The 6 OCZ RevoDrive 120GB PCI-E SSDs in the POC system cost about $400 each at the time (now $280?). I recall that the tempdb IO traffic was something like 40K IOPS (64KB), around 2.5GB/s bandwidth. This was consistent with the manufacturers specifications of 540MB/s read and 480MB/s write at 128K IO, and considering that there will be some degradation in aggregating performance over 6 devices. The IO latency was somewhere in the range of 40-60ms (note that the SQL Server engine issues tempdb IO at high queue depth). OK, so the real purpose of the POC exercise was to tell the SAN admin in no uncertain terms that the 350MB/s from his $200K iSCSI storage system (4x1GbE) was pathetic, and even the 700MB/s on 2x4Gbps FC ports does not cut mustard in DW.

The next set of systems was ordered with 4 OCZ RevoDrive X2, 160GB (<$500 each). There was some discussion on whether to employ the OCZ enterprise class ZDrive R3, but this product was cancelled and the OCZ substitute, the VeloDrive (4 SandForce 1565 controllers, rated for ~1GB/s), was not yet available. I was expecting somewhat better performance for 4 RevoDrive X2 (4 SandForce 1222 controllers each, rated for 700MB/s) over 6 of the original RevoDrives (2 SandForce controllers each).  The tempdb IO intensive query that took 20min with the 6 RevoDrives now ran in 15min with the 4 RevoDrive X2s. In additional, IO latency was under 10ms.

I was hoping to test the new OCZ RevoDrive 3 X2 with 4 SandForce 2281 controllers, rated for 1500MB/s read and 1200MB/s write. Unfortunately there is an incompatibility with the Dell T110 II with the E3-1240 (Sandy Bridge) processor which has a new UEFI replacing the BIOS. OCZ does not provide server system support on their workstation/enthusiast products. Hopefully Dell will eventually resolve this.

SATA SSDs - OCZ Vertex 2, Vertex 3 & Vertex 3 Max IOPS, Crucial C300 & m4
My preference is to employ PCI-E rather than SATA/SAS SSD devices. This is mostly driven by the fact the disk enclosures reflect the IO capability of HDDs, with 24 bays on 4 SAS lanes. An SSD oriented design should have 4 SSDs on each x4 SAS port. Of course, 4 SSDs and 4-8 HDDs on each x4 SAS port is also a good idea.

So I have also looked at SATA SSDs. Earlier this year, I started with the OCZ Vertex 2 and Crucial C300 SSDs. After encountering the issue with the RevoDrive 3 on the new Dell server, I acquired OCZ Vertex 3, Vertex 3 Max IOPS, and Crucial m4 SATA SSDs. The OCZ Vertex 2 has a 3Gbps interface, the Vertex 3 and both Crucial C300 and m4 all support 6Gbps SATA interface.

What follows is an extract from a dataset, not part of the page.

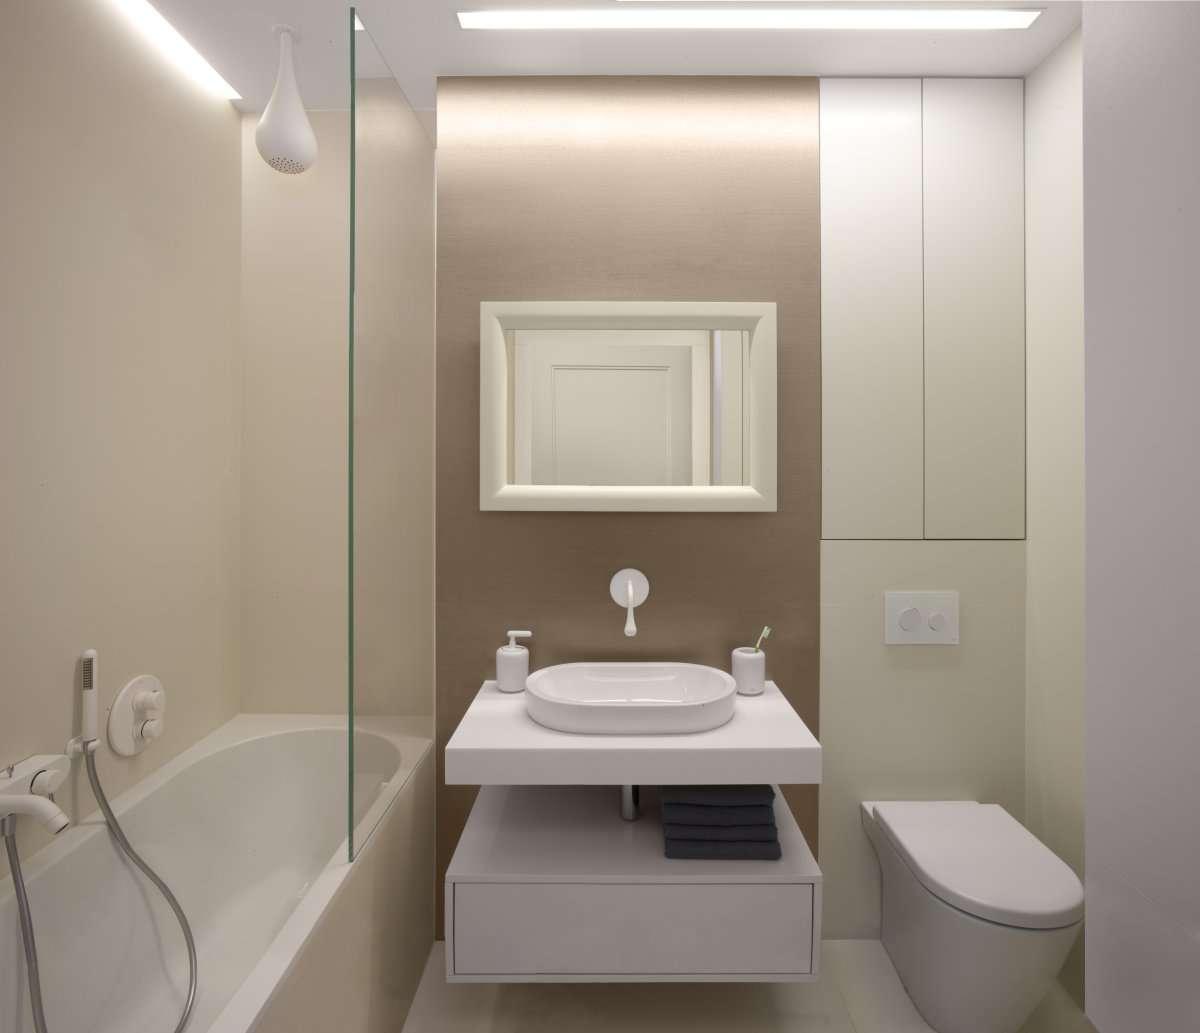 дизайн маленькой ванной комнаты совмещенной с туалетом 3 квм фото
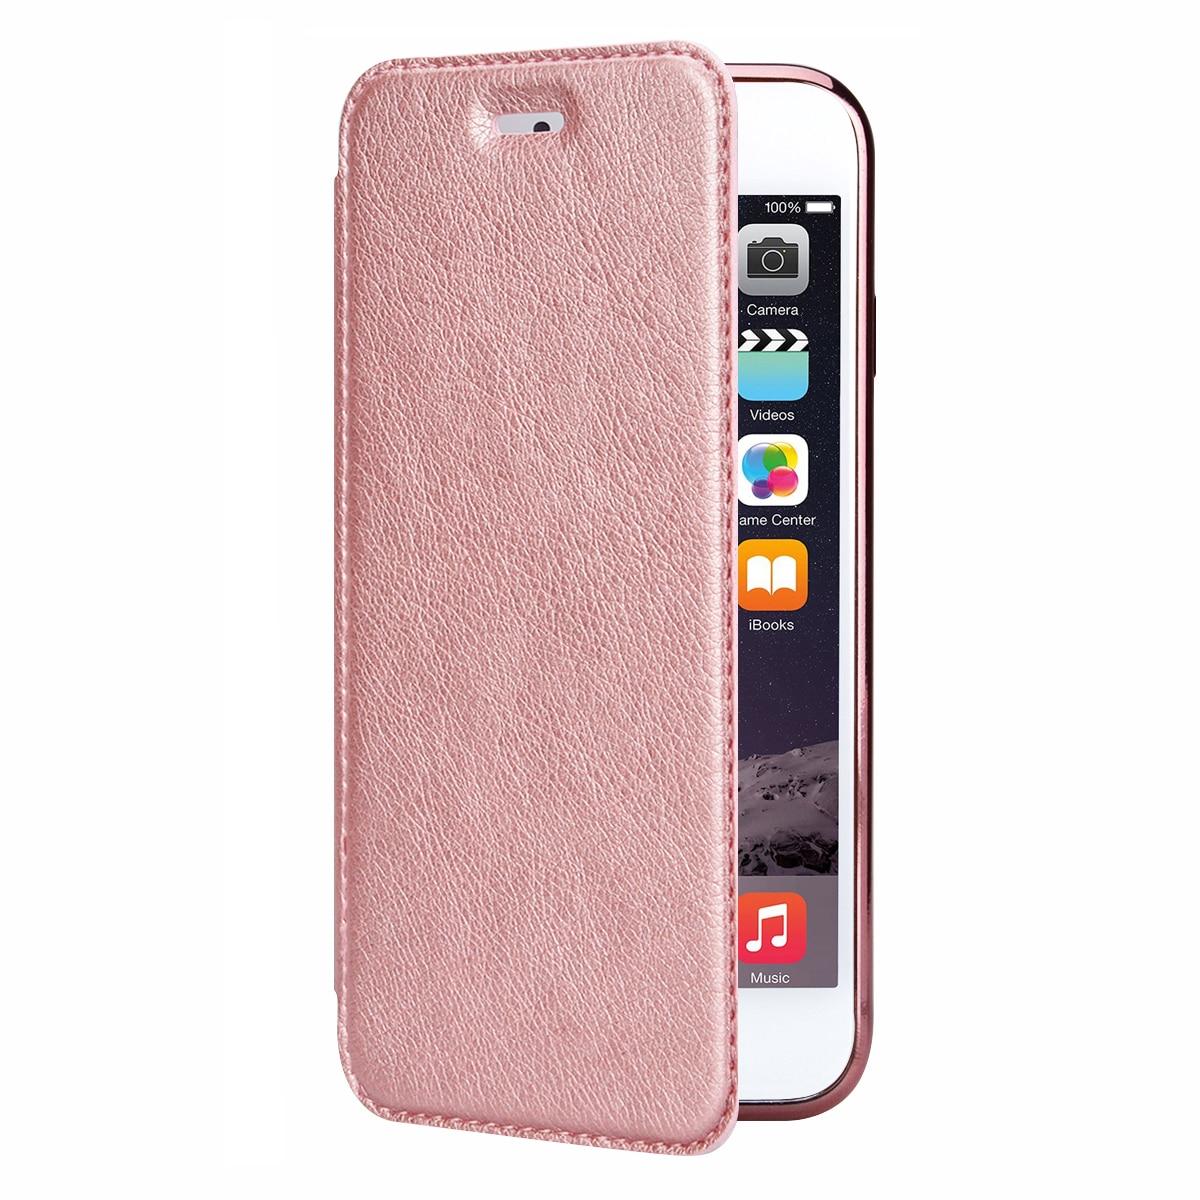 Funda de cuero PU de lujo para iPhone 5 5s SE 6 6s 7 Plus Funda para - Accesorios y repuestos para celulares - foto 3

The OCZ Vertex SSDs use SandForce controllers; the Vertex 2 uses the previous generation SandForce 1222 and the Vertex 3 uses the current generation 2281 controller. The Crucial SSDs use Marvel controllers (both?). Perhaps the significant difference between the OCZ Vertex and Crucial SSDs are that the SandForce controllers implement compression. The OCZ Vertex SSDs have far better write performance with compressible data, but is comparable for incompressible data. It does appear that SQL Server tempdb IO is compressible and benefits from the compression feature.

Another difference is that OCZ offers 60, 120, 240 and 480GB capacities while Crucial offers 64, 128, 256 and 512GB capacities. All capacities are in decimal, that is, 1GB = 10^9 bytes. Both OCZ 60GB and Crucial 64GB presumably have 64GB NAND flash, the 64GB being binary, meaning 1GB = 1024^3, or 7.37% more than 1GB decimal. Basically, OCZ has more over-provisioning than the Crucial, which in theory should also contribute to better write performance. (Earlier Vertex drives had 50 and 100GB capacities. But there are so many varieties of the Vertex 2 that I cannot keep track.)

In brief, the performance difference between SSD generations, both from the OCZ Vertex 2 to Vertex 3 and from the Crucial C300 to m4, is substantial, so I will focus mostly on the newer Vertex 3 and m4 drives. The performance observed in SQL Server operations seemed to be consistent with manufacturer specifications for both generations of OCZ and Crucial SSDs. It was not noted whether writing compressed SQL Server database tables were further compressible by the SandForce controller. This may be because it is difficult to achieve the high write performance necessary to stress modern SSDs in SQL Server with transactional integrity features.

Test System - Dell T110 II, Xeon E3 quad-core Sandy Bridge processor
The test system is a Dell PowerEdge T110 II, Xeon E3-1240 3.30GHz quad-core processor (Sandy Bridge) with 16GB memory. This system has 2 PCI-E Gen2 x8 and 1 Gen 1 x4 slot. All SSDs were attached to a LSI MegaRAID SAS 8260 controller (PCI-E Gen2 x8, 8 6Gbps SAS ports). I did not some testing with 2 SSDs on the SATA ports (3Gbps) but did make detailed observations.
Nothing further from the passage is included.